Teaching is a rich and rewarding career that can change the lives of students forever. Teachers are able to share their passions with others and see them overcome challenges and barriers to find success. Although this sounds like a wonderful, carefree profession, teaching can be very taxing and mentally and physically exhausting. Teachers need a place to recharge or have a sounding board when times get overwhelming. Teachers need each other to lean on, emotional support, a teacher support network.

Why a Teacher Support Network is Essential

Teachers need their own emotional support network from the daily drags of teaching to the most complicated situations. Burnout, teacher anxiety, and teacher depression are real things that happen for many amazing teachers. These teachers give and give and give; they work nights and weekends, trying to develop the most engaging lesson plans for all of their different types of learners, and more.

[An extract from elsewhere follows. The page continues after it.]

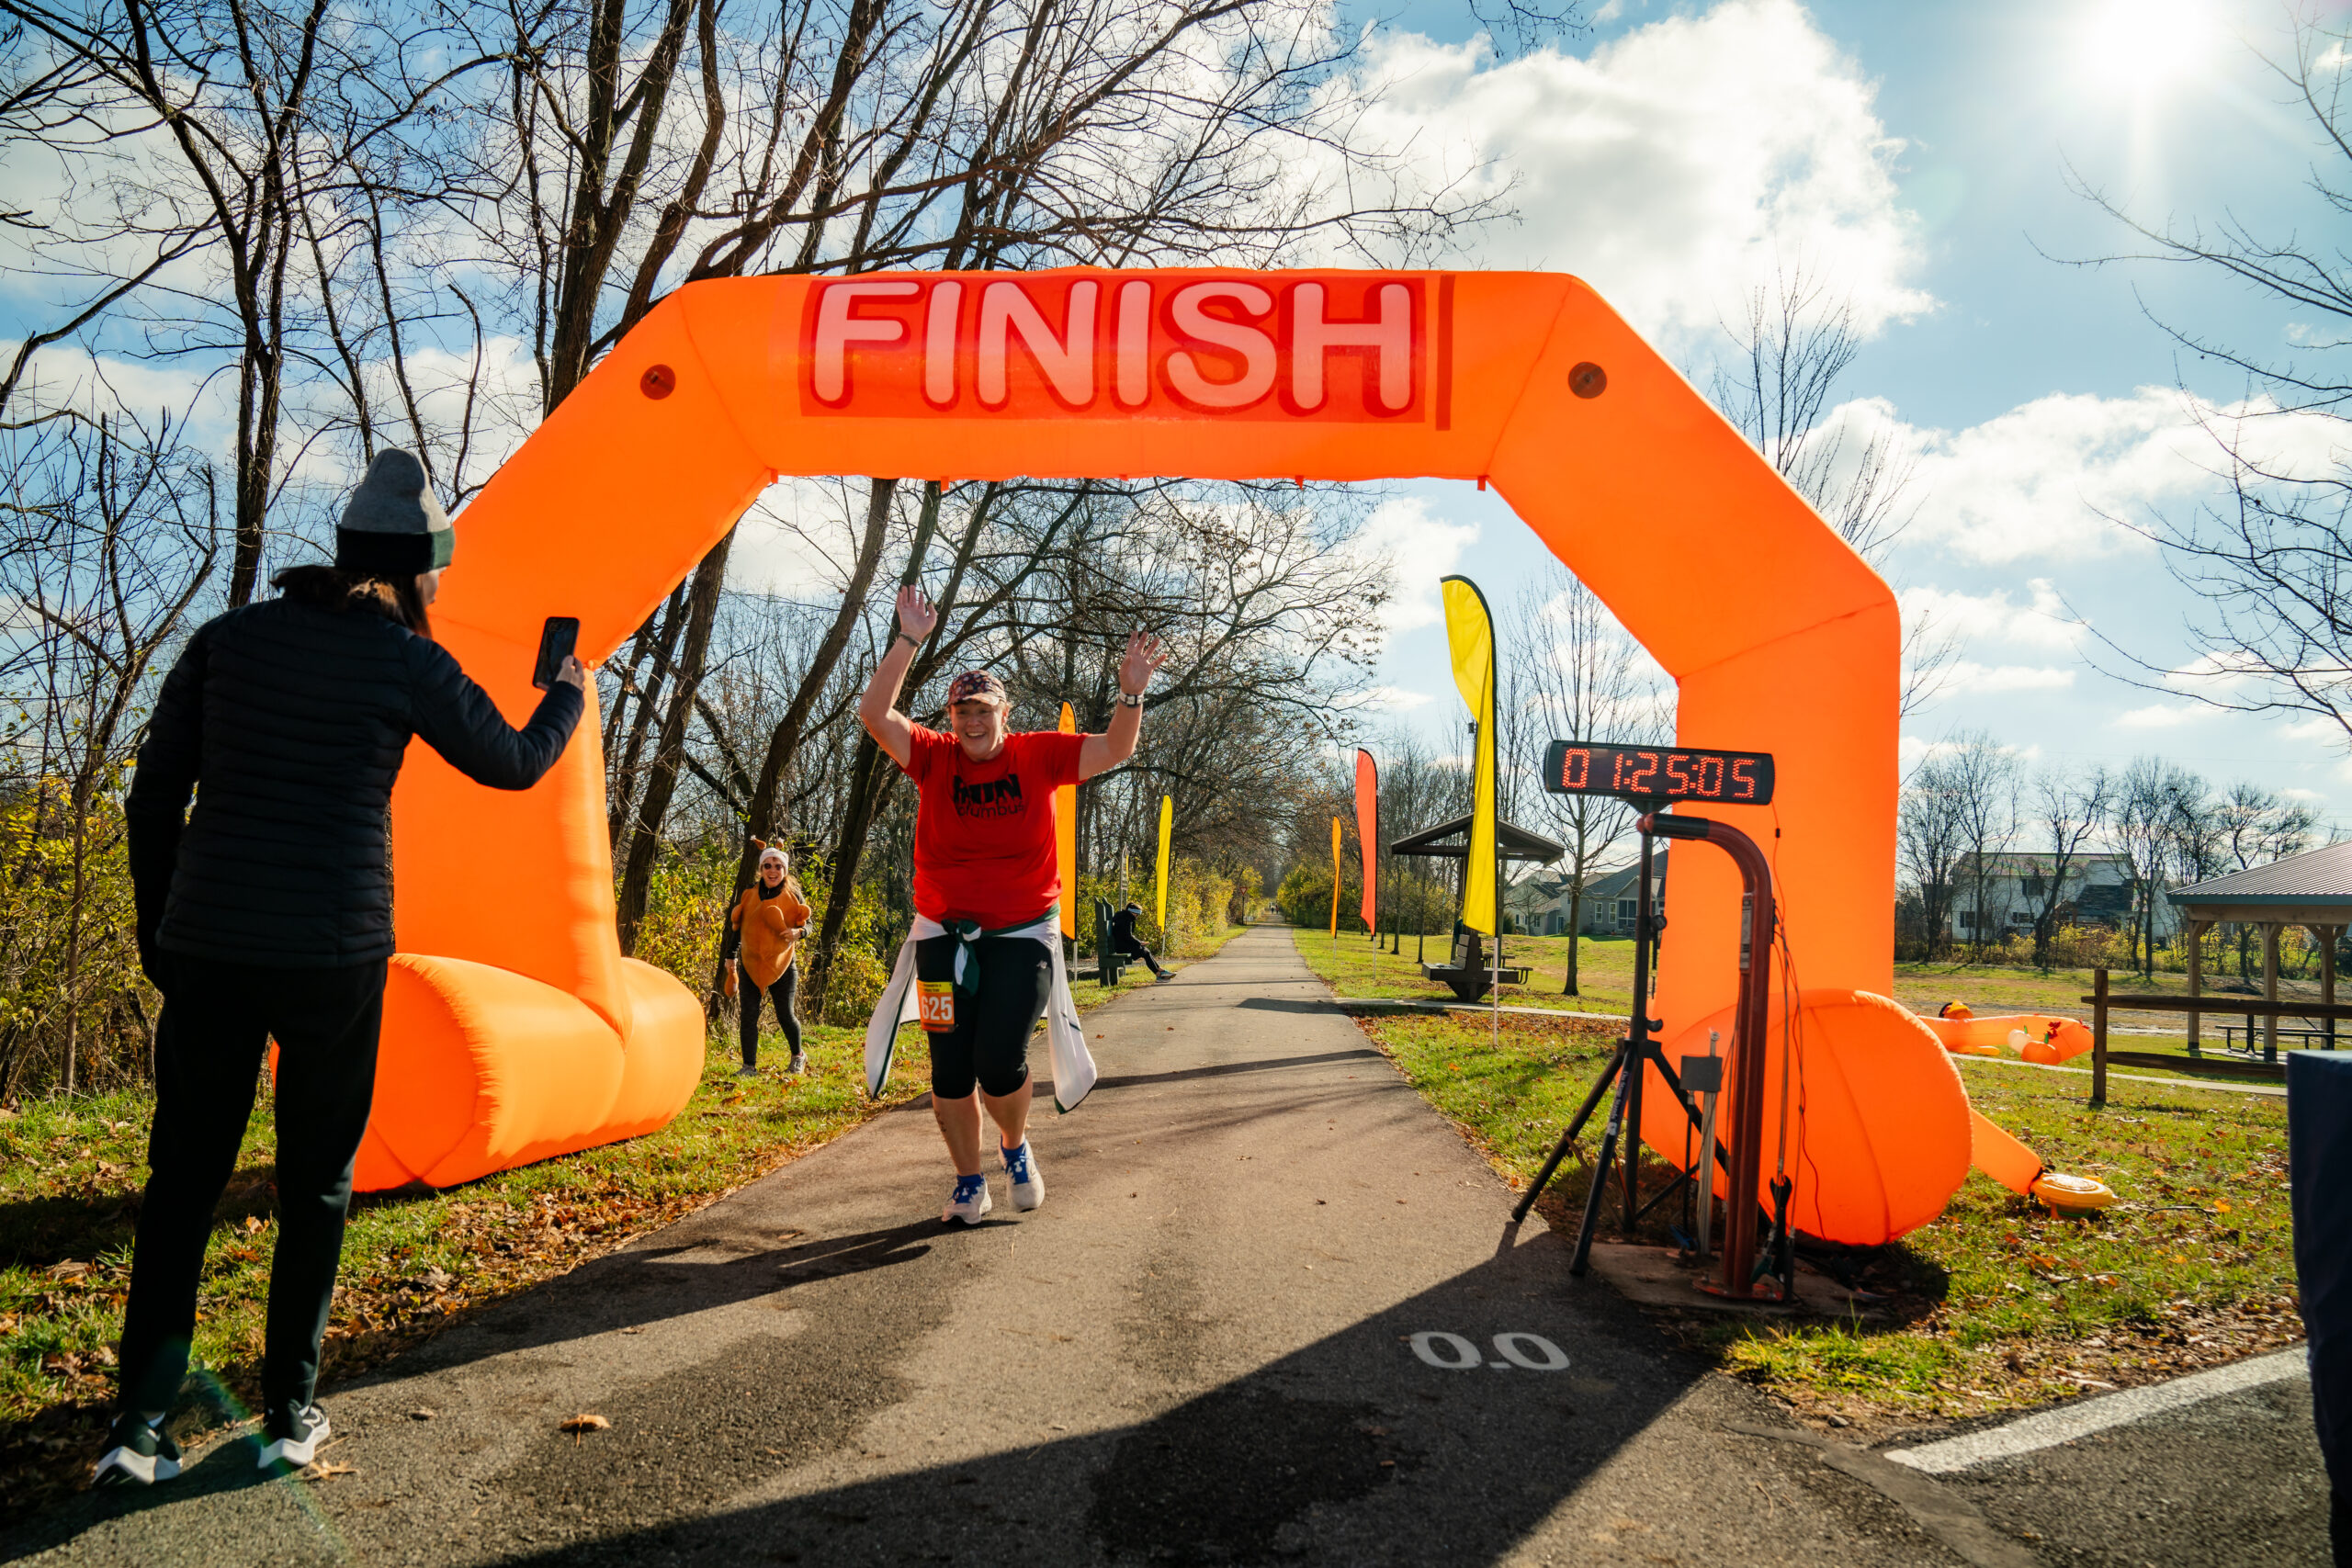 Ohio Turkey Trot Race Finisher - USA Race Timing & Event Management - The Premier Chip Timing Race Company In Ohio - Kids Fun Run, Kids Dash, 1 Mile, 5k, 5mi, 10k, 1/2 Marathon, Marathon

When teacher burnout and teacher stress are high, having that personal support network in place can be extremely helpful. You need to be able to voice your frustrations to others and have them support you in ways that show you that your feelings are real and how you can make it better.

These support networks can also offer constructive criticism. When you have your own core group, you should feel confident enough to explain where you are struggling and ask for suggestions.

These teachers or other staff members might just have the idea that you never thought of that can work for you. Constructive criticism is something positive and should never be looked at as though others are negatively judging your ability to teach. Great things can come from a different perspective.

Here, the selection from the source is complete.